Oxidative stress is implicated in the development of muscle pain, weakness and fatigue, and occurs as a result of an imbalance between reactive oxygen species (ROS) and antioxidant defences. Natural astaxanthin from the alga Haematoccus pluvialis is a highly concentrated and potent antioxidant. Results from both human and model studies show that astaxanthin increases muscle endurance, lowers lactic acid and may also prevent muscle atrophy with ageing.
The effects of astaxanthin on muscle health are attributed to its ability to protect membranes from oxidation, thereby enhancing mitochondrial function, reducing inflammation and reducing muscle damage. Strong, healthy muscles play a vital role in achieving an active and healthy lifestyle, which can be supported and improved through the use of astaxanthin.

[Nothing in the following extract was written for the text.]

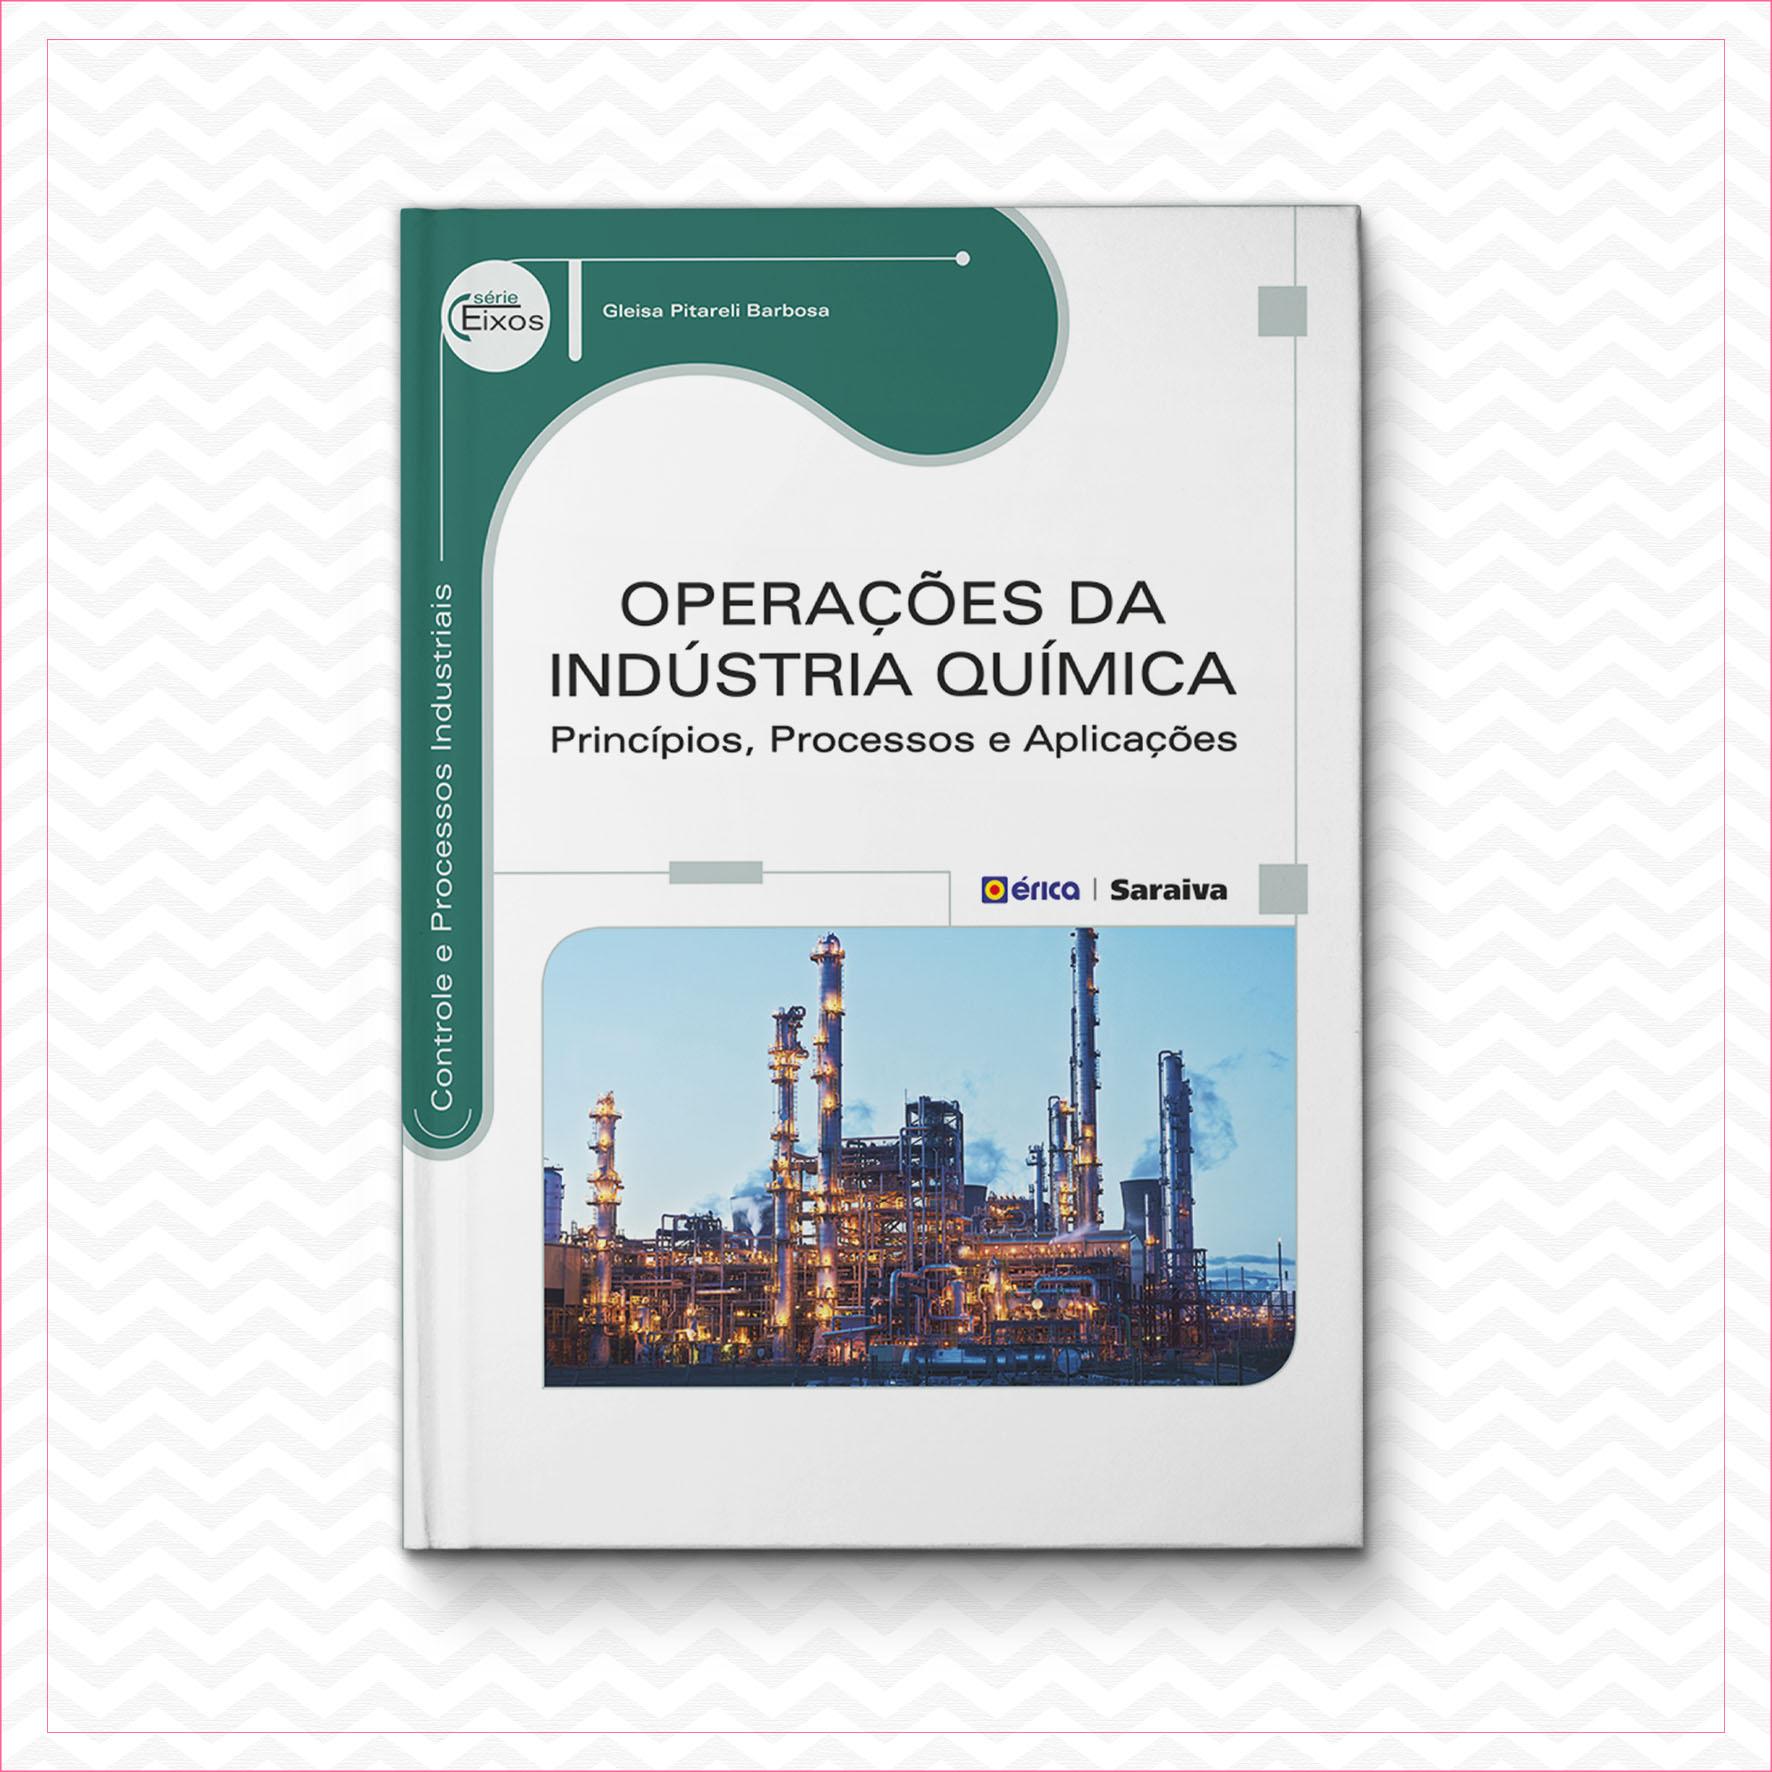 Operações da Indústria Química – Gleisa Pitareli Barbosa

Oxidative stress increases with age and physical activity
Oxidative stress is derived from an imbalance between reactive free radicals and antioxidant defence mechanisms and is exacerbated by physical activity. Sport and exercise generate more free radicals as a result of increased muscle fibre stress and elevated metabolism.1 Although endogenous antioxidants are increased directly after intensive exercise, protection against oxidative stress is not sufficient if left until the recovery stage.2 Furthermore, low levels of available antioxidants are hypothesised to be a main factor driving muscle atrophy and a mechanism by which muscle mass wastage occurs during the ageing process. Muscle atrophy leads to body weakness and can cause ageing individuals to be more prone to falls and injuries, as well as age-related illnesses made worse by inactivity.3
Negative effects of oxidative stress on muscles
Oxidative stress causes damage to proteins, lipids, DNA and alters the function of muscle cells, impacting muscle health and performance.1 Furthermore, it triggers inflammation by activating pro-inflammatory cytokines, leading to muscle pain, stiffness and the increased risk of injury. Oxidative stress causes damage to mitochondrial membranes, leading to a reduction in their capacity to generate energy. Mitochondria provide as much as 95% of our body’s energy, primarily by metabolising carbohydrates and fats. As a consequence of reduced mitochondrial function, muscles receive less energy, which can lead to fatigue and atrophy in ageing.1,3
The oxidation of red blood cell membranes, combined with decreased levels of mobility, can reduce the body’s ability to transport oxygen to muscles. It has been demonstrated that physical activity increases oxidation in cell membranes; and impaired mitochondrial function can also result in lowered aerobic capacity, increased levels of lactic acid build up and consequent exhaustion.4,5 In addition, increased oxidative stress can alter muscular contraction and damage enzymes that are important for the function of aerobic and anaerobic pathways, resulting in declined muscle power as well as fatigue.1
The antioxidant power of astaxanthin
Clinical studies have shown that the potent antioxidant astaxanthin from the alga Haematoccus pluvialis has benefits on muscle function and endurance. Astaxanthin, part of the carotenoid family, is found in marine species such as salmon and crustaceans. Astaxanthin is a fat-soluble antioxidant with a unique structure that enables it to span across the entire membrane and provide protection in a way that no other antioxidant can (Figure 1).6
Nishida et al. found that astaxanthin has the greatest capacity to quench singlet oxygen compared with several other antioxidants (Figure 2).7 In other in vitro systems, astaxanthin has shown antioxidant capacities up to 6,000 times stronger than vitamin C, 500 times more efficient than vitamin E and 10 times stronger than β-carotene.8 Unlike many other antioxidants, astaxanthin has been classified as a pure antioxidant and does not show any pro-oxidative effects.9
Figure 2: Capacity of different antioxidants to quench the free radical singlet oxygen7
Astaxanthin enhances muscle endurance
A randomised, double-blind study has shown that astaxanthin increases muscle endurance.10 In a study of 42 healthy men supplemented with 4mg of astaxanthin per day for six months undertaking standardised exercise tests, it was demonstrated that the average number of squats (knee bends) performed increased only in the astaxanthin treated group at three months; after six months, significant improvements were observed (Figure 3). In addition, Sawaki et al. demonstrated that a daily astaxanthin dose of 6mg per day for four weeks resulted in lower levels of lactic acid during a 1200-metre sprint (Figure 4).11 The formation of lactic acid is a result of insufficient oxygen reaching the muscles, which leads to fatigue; as such, decreased levels of lactic acid improve endurance.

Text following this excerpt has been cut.